Мы ни в коей мере не склонны недооценивать значение событий 14 декабря 1825 года в дальнейшей творческой судьбе поэтов-декабристов. Однако важными факторами распада течения стали и органично развивавшиеся в их лирике внутренние, собственно литературные тенденции. Прежде всего, важную роль сыграла творческая индивидуальность художников, проявлявшаяся в особенностях поэтического стиля и обусловившая их обращение к жанровым формам, не подчинявшимся влиянию одического конструктивного принципа (любовная лирика К.Ф. Рылеева, подражания псалмам. Глинки, ранние «ночные» стихи В. Кюхельбекера). Так, в лирике К. Рылеева мы обнаружили тяготение к поэтическому освоению напряженной и полной внутренних противоречий духовной жизни личности, стремящейся познать самое себя, осмыслить собственные душевные движения. Это тяготение явно усилилось к 1824-25 гг., что привело к ослаблению диктата оды в его поэзии. Мы считаем возможным говорить о зарождении в творчестве Рылеева лирической рефлексии, которая обретет особую актуальность в 1830-е годы и наиболее полно и ярко проявится в лирике М.Ю. Лермонтова. Данная тенденция была весьма органичной для Рылеева, художника, изначально тяготевшего к открытой исповедальности лирического высказывания.

В поэзии Ф. Глинки и В. Кюхельбекера мы обнаружили оформление другой тенденции, которая в перспективе подводила к созданию новой поэтической общности философского романтизма. С нашей точки зрения, этот процесс был также органичным и вызревал не вопреки, но благодаря близости творческой индивидуальности художников основным эстетическим установкам «литературного декабризма». Движение Ф. Глинки и В. Кюхельбекера к философскому романтизму совершалось через стремление вывести декабристский тип романтического двоемирия на высший, универсальный уровень субстанциальных оппозиций, окончательных и «последних» решений «вечных» бытийных вопросов. В процессе такой эволюции ода утратила права «старшего жанра» и уступила место новым жанровым формам, связанным с потребностью в художественном самовыражении сознания философствующего типа.

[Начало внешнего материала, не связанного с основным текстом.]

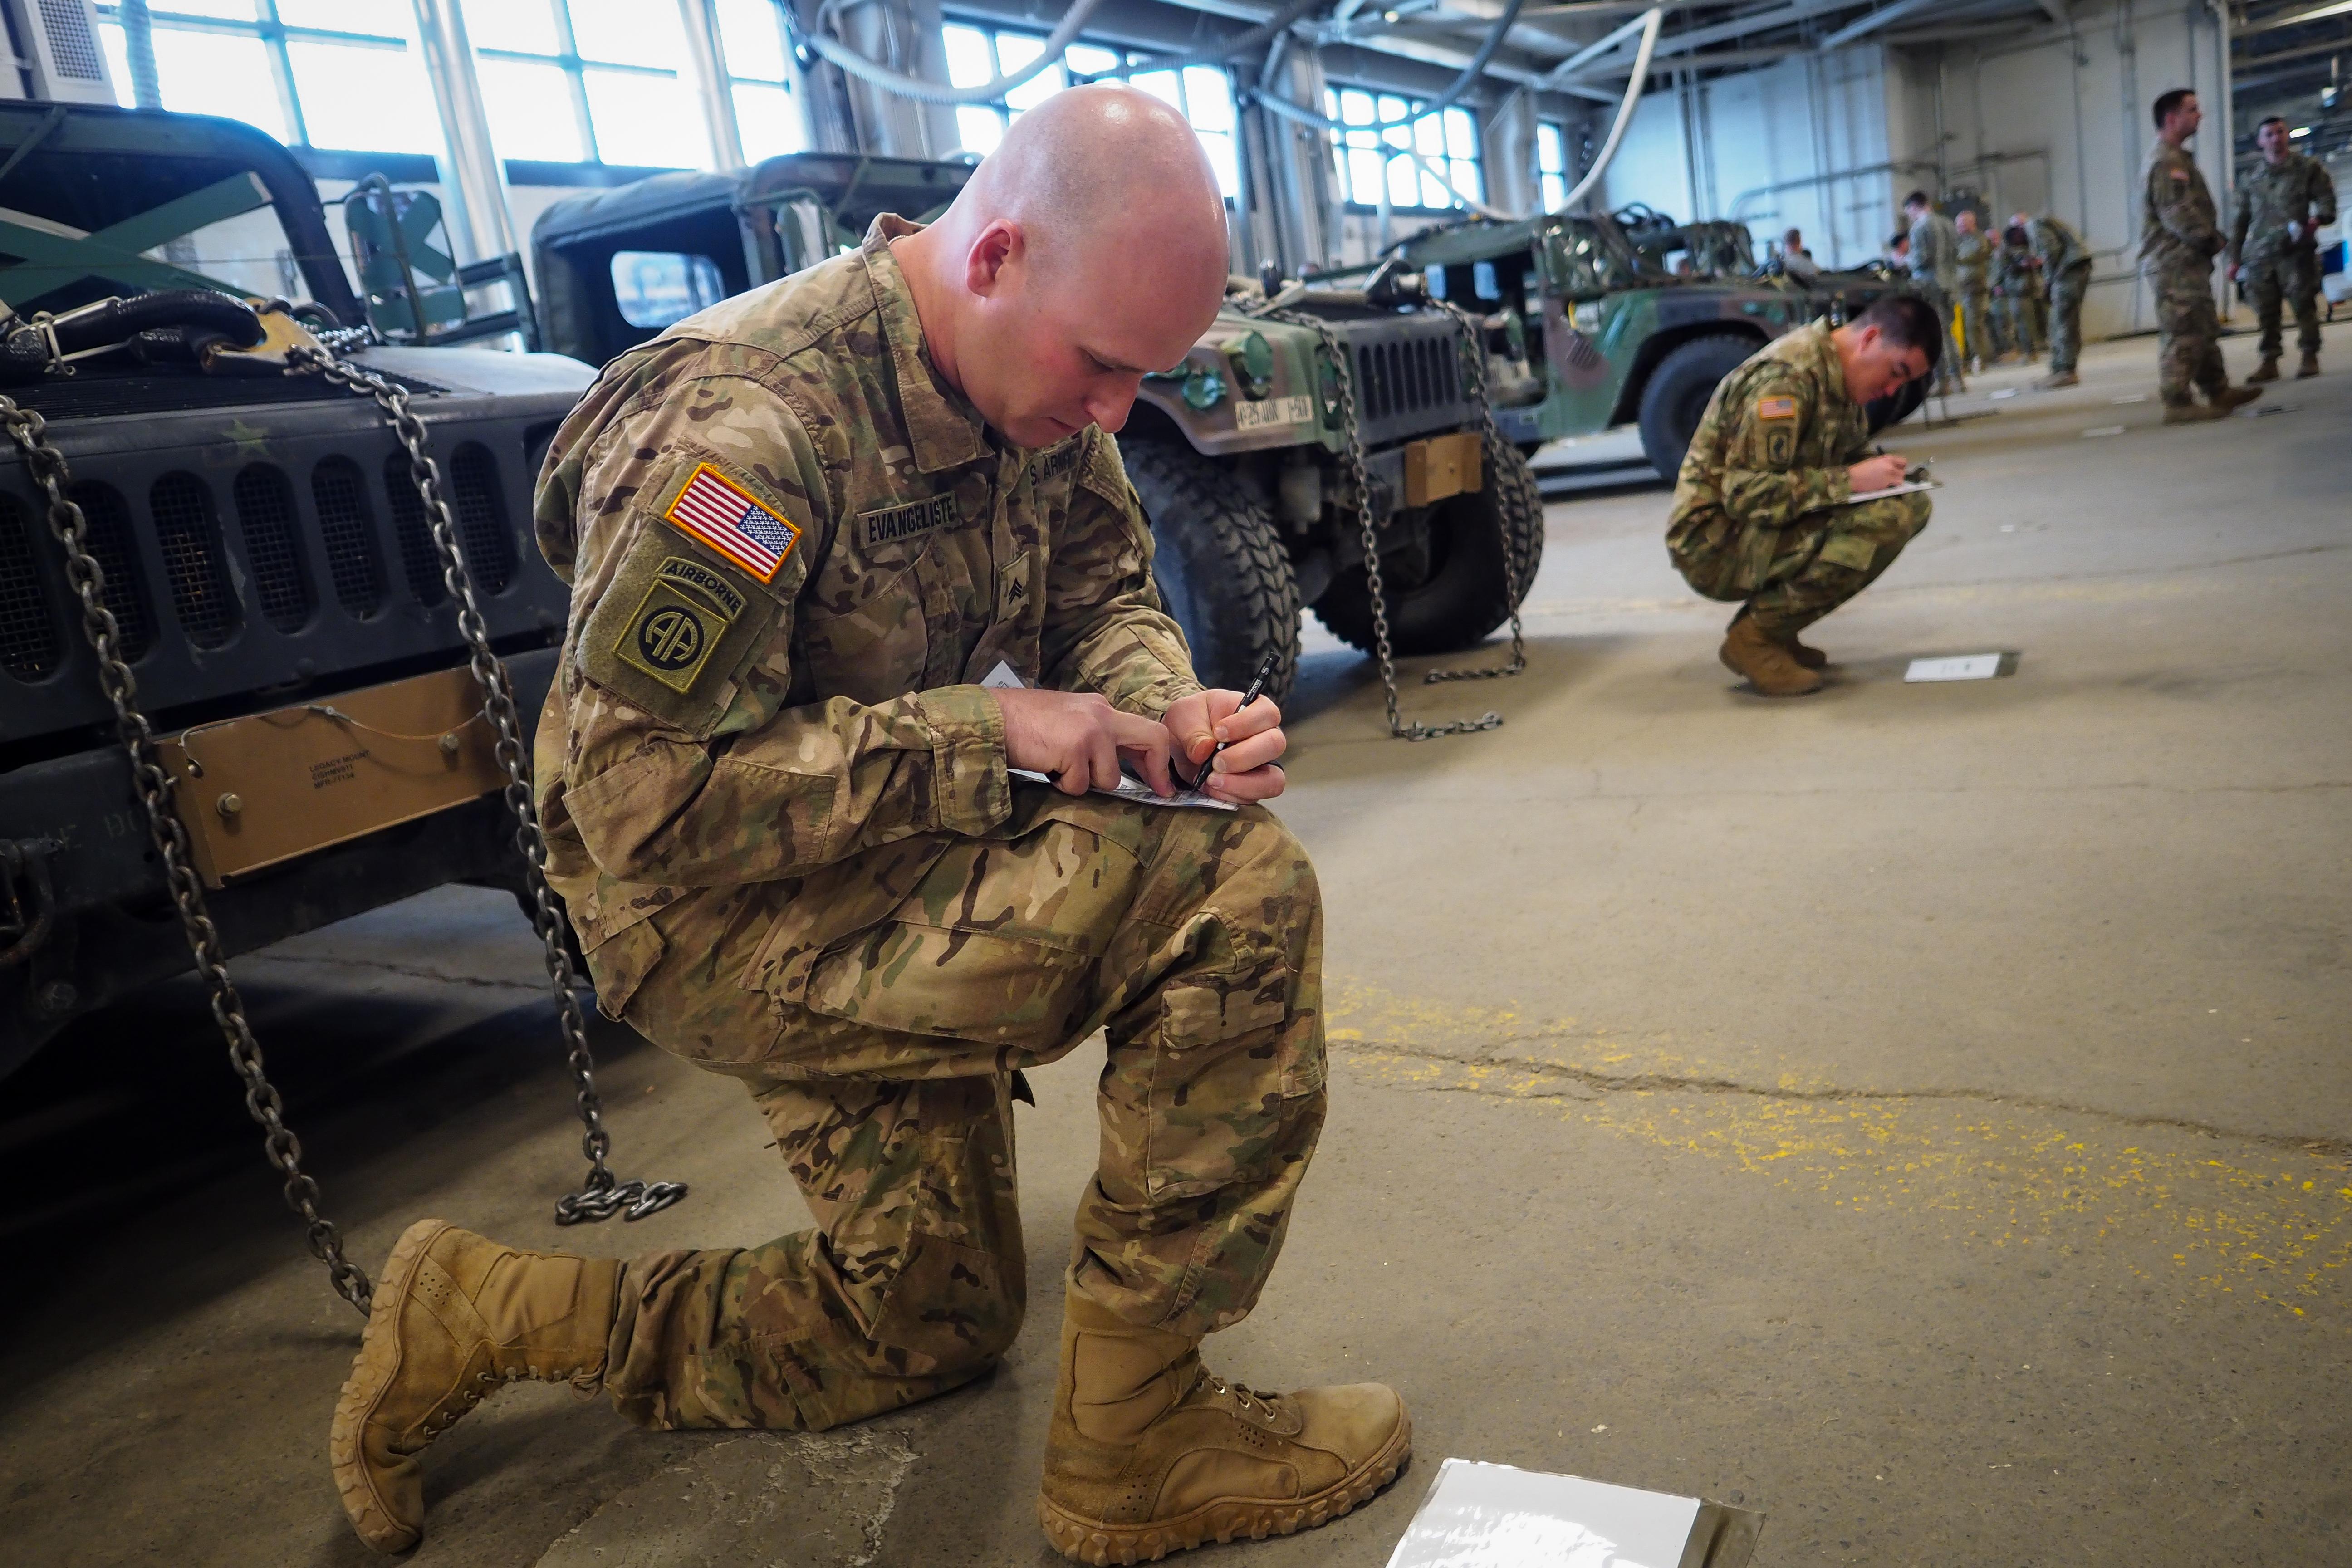 file alaska soldiers train as u s army pathfinders 160518 f lx370 rh commons wikimedia org U.S. Army Pathfinder Units Army Pathfinder Training

В целом наши наблюдения позволяют в дальнейшем с бульшей точностью и объективностью решать вопрос о составе той группы художников, творчеством которых, собственно, и представлено гражданское течение в русском романтизме. В качестве таковых мы видим не только тех, кто так или иначе был причастен к «делу 14 декабря», но тех, в чьем творчестве в целом, или на каком-то этапе ода сыграла роль «старшего жанра». Мы ограничились в нашей работе лишь «литературным декабризмом», сцементировавшим течение в период 1820-26 г.г. Позже декабристы уходят из него (и из официальной литературы). Но гражданский романтизм - широкое явление, и только первый этап его функционирования связан с «литературным декабризмом».

Основные публикации автора

1. Ложкова, Т.А. Система жанров в лирике декабристов. Монография / Т.А. Ложкова. - Екатеринбург: Урал. гос. пед. ун-т, 2005. - 415 с.

2. Ложкова, Т.А. Лирика декабристов: поэтика жанров. Учебное пособие / Т.А. Ложкова. - Екатеринбург: Урал. гос. пед. ун-т, 2004. - 233 с.

3. Иконникова, Т.А. Стилевые традиции в декабристской поэзии (Некоторые итоги и задачи изучения) / Т.А. Иконникова // Проблемы стиля и жанра в русской литературе XIX-начала ХХ вв. Сб. науч. тр. / Свердловск: Свердл. пед. институт, 1986. - С. 4-11.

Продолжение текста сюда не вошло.